Chaque mois le CDES vous propose dans Jurisport l’expression d’un point de vue sur un sujet d’actualité du secteur du sport !
Pour ce numéro, retrouvez Jean-Jacques Gouguet, Directeur scientifique des études économiques du CDES Limoges.
Des jeux liberticides ?
Ce n’est pas la première fois que les Jeux olympiques (JO) sont instrumentalisés pour justifier, au nom de leur mise en sécurité, du déploiement de mesures porteuses de lourdes menaces pour les libertés individuelles comme la militarisation de l’espace public ou la généralisation de procédés de surveillance de masse. Les JO de Londres 2012 ont été à l’origine d’une installation sans précédent de caméras de surveillance dans l’espace public ; les JO de Rio 2016 ont connu de véritables opérations militaires de nettoyage urbain dans les favelas ; les JO de Tokyo 2020 ont été l’occasion de promulguer une loi sécurité « anti-conspiration » très controversée. Les JOP Paris 2024 ne font pas exception avec la loi relative aux Jeux olympiques et paralympiques du 19 mai 2023 autorisant à titre expérimental l’utilisation de l’intelligence artificielle (IA) pour analyser en temps réel les images des caméras de vidéosurveillance renommées « caméras augmentées ».

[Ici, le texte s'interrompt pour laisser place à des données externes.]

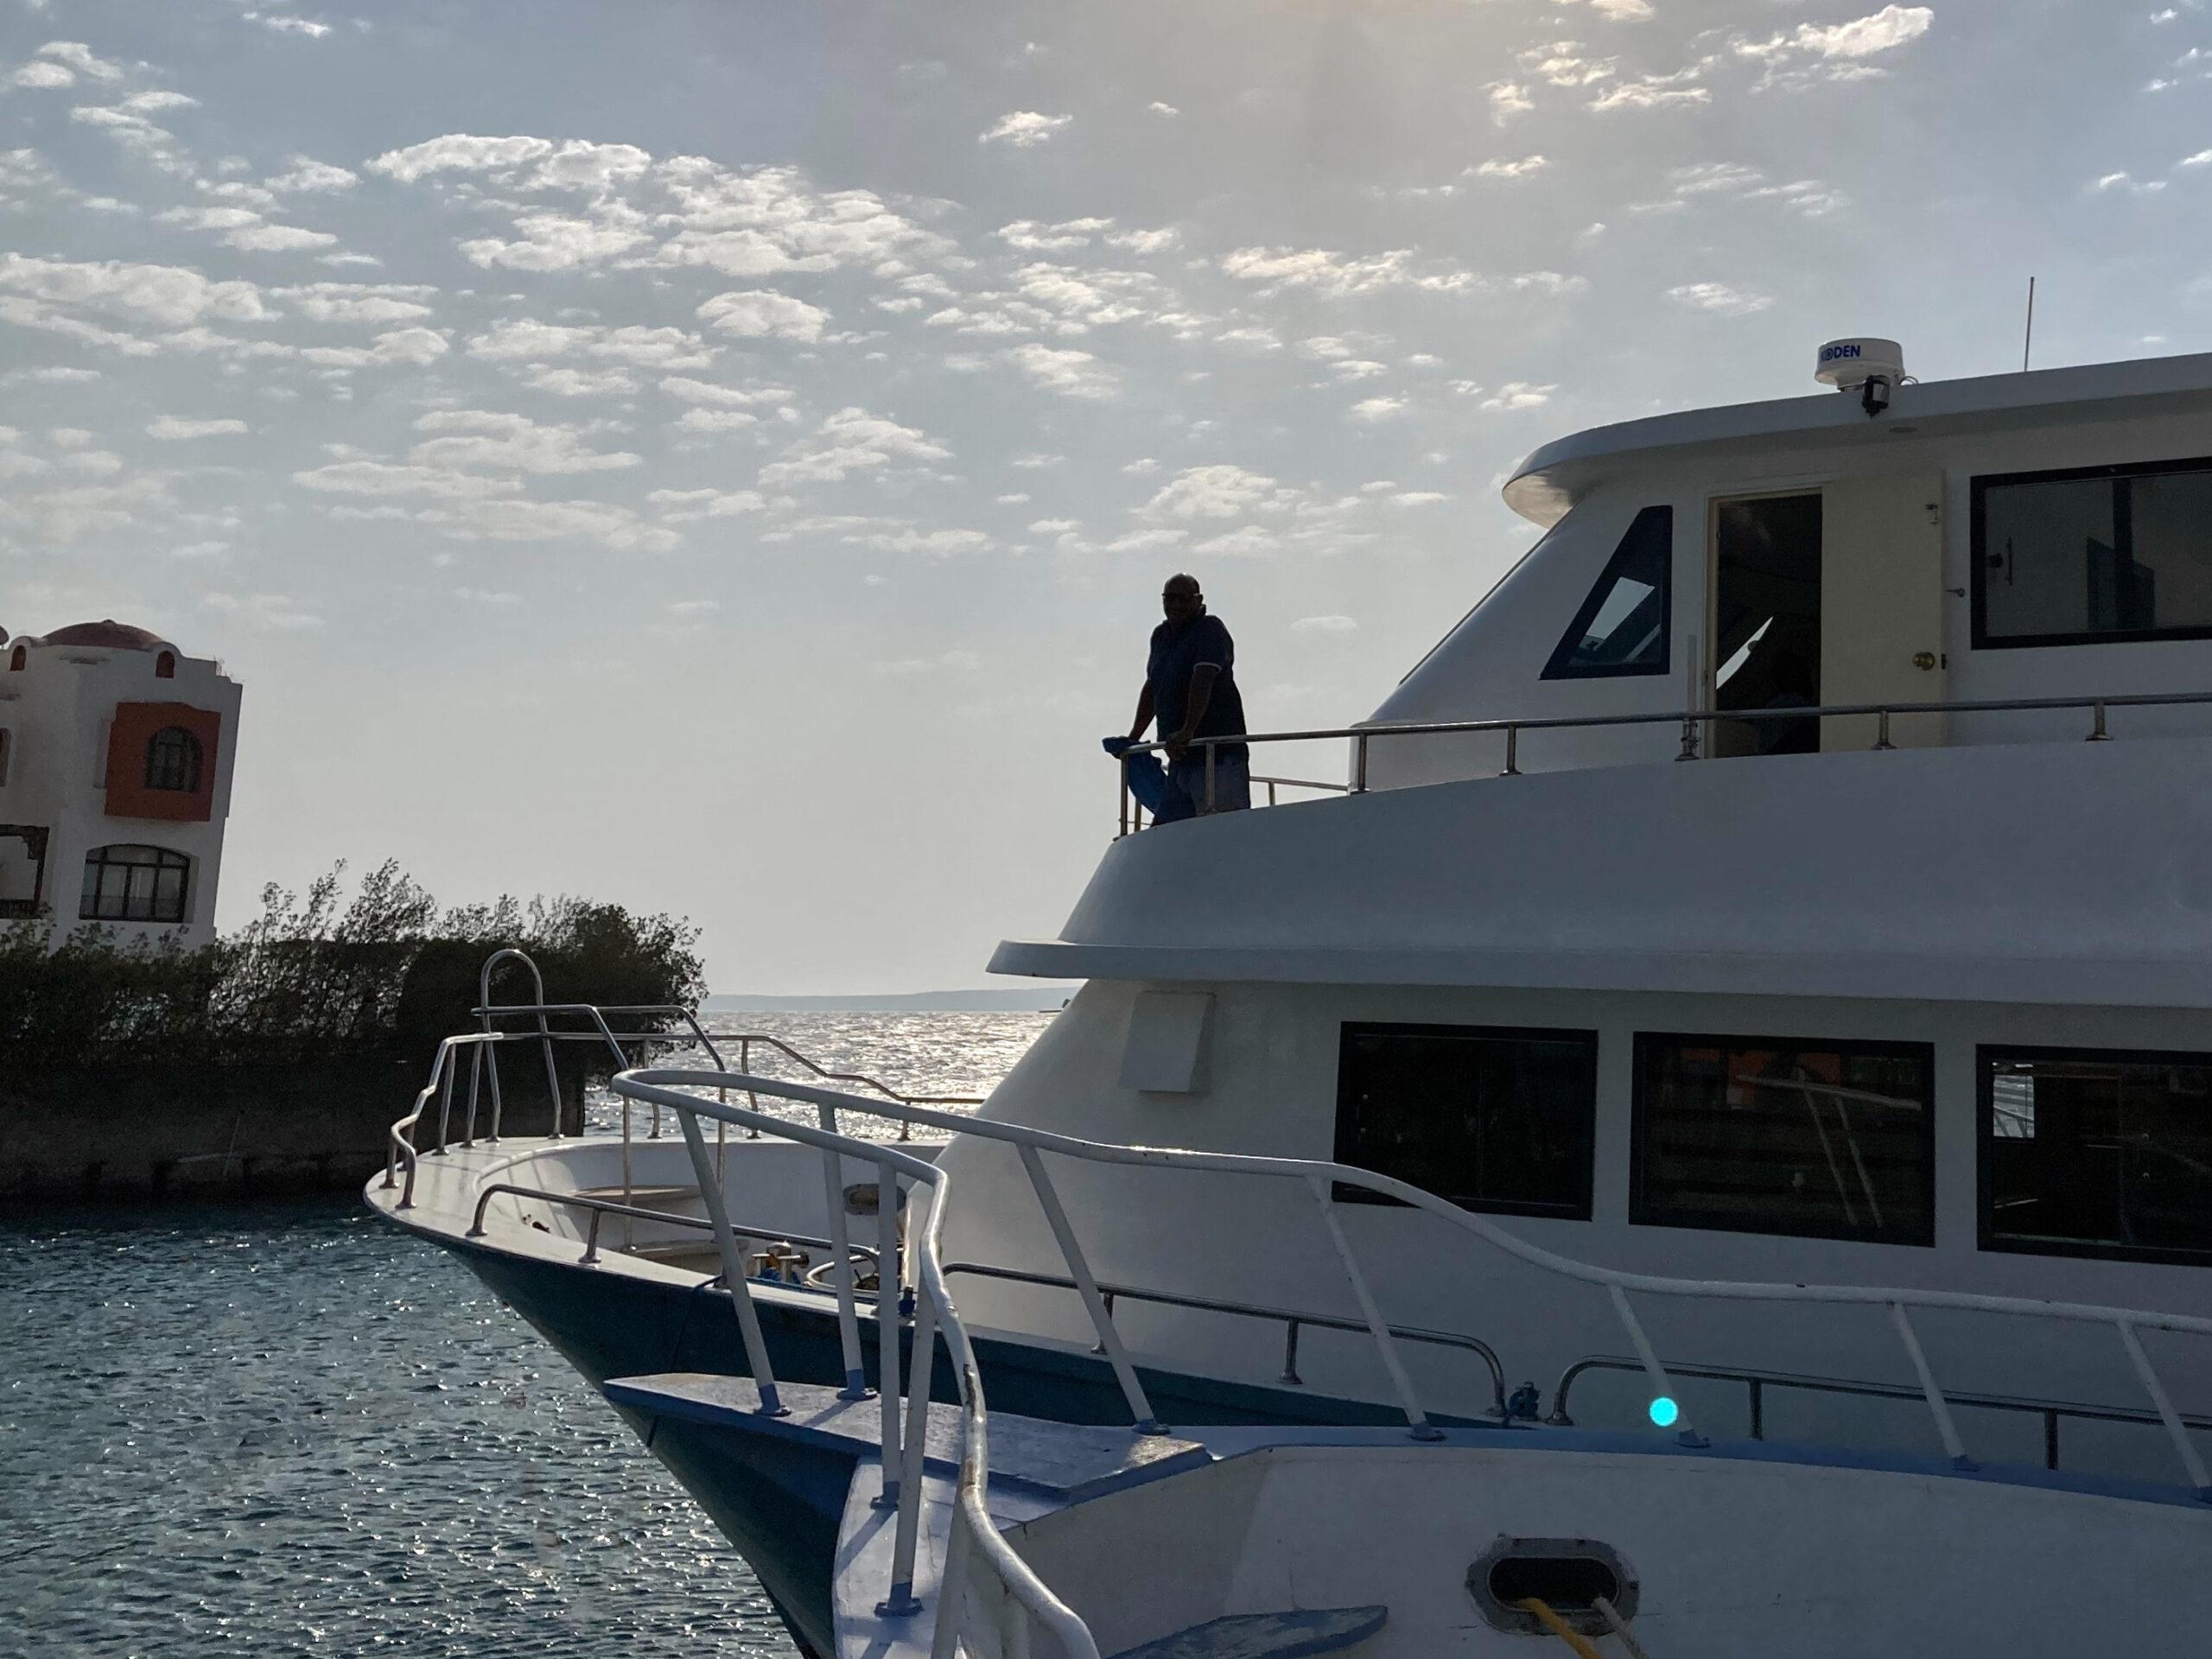 Der Wochenrückblick direkt vom Roten Meer

"La question est de savoir si une telle technologie de surveillance est susceptible de dérives liberticides"
JJG
Risque-t-on d’assister à terme à une légalisation de la vidéosurveillance algorithmique et pourquoi pas, comme en Chine, de la reconnaissance faciale. La Commission nationale de l’informatique et des libertés, dans sa position publiée en juillet 2022, relève que « des risques importants pour les libertés individuelles et collectives existent du simple fait de la multiplication, actuelle et anticipée, des dispositifs de vidéo “augmentée” qui pourrait aboutir à un sentiment de surveillance généralisée ». Ceci est justifié par le fait que ces nouvelles technologies d’IA possèdent un potentiel de traitement de données quasiment illimité pouvant donner naissance à toutes sortes de dérives en matière de restrictions de droits humains dans l’espace public. Il faudrait donc garantir l’anonymat dans l’espace public puisqu’il est indispensable à l’exercice des libertés individuelles fondamentales : droit à la vie privée, liberté d’aller et venir, d’expression et de réunion, droit de manifester, liberté de conscience et d’exercice des cultes…

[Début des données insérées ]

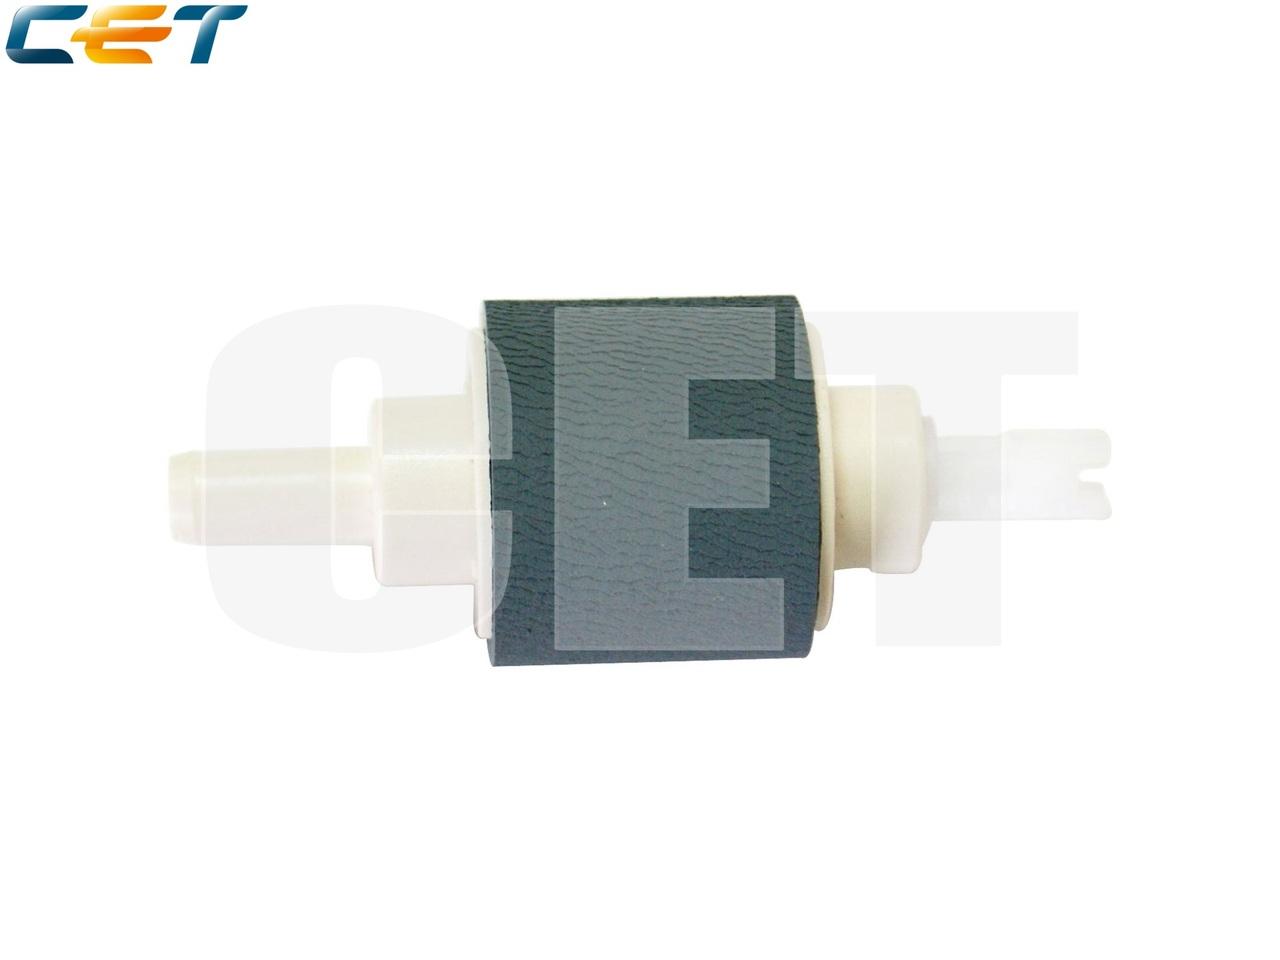 Ролик подхвата 2-го лотка RM1-6414-000, RM1-9168-000 дляHP LaserJet P2035/P2055, M401/M425 (CET), CET3690

Cette instrumentalisation des JO au service de l’accélération de l’utilisation de l’IA à des fins de surveillance de la population confirme la thèse de l’autonomie de la technique de jacques Ellul et notamment sa deuxième loi du système technicien : tout ce qui a été découvert sera utilisé. C’est à ce niveau que le potentiel de l’IA appliqué à la vidéosurveillance peut inquiéter. N’y aurait-il pas d’autres moyens de garantir la sécurité des JO sans porter atteinte aux libertés individuelles fondamentales ? On pourrait peut-être commencer par limiter le gigantisme des Jeux qui est à l’origine de la multiplication des risques ainsi créés et du coût croissant de leur gestion.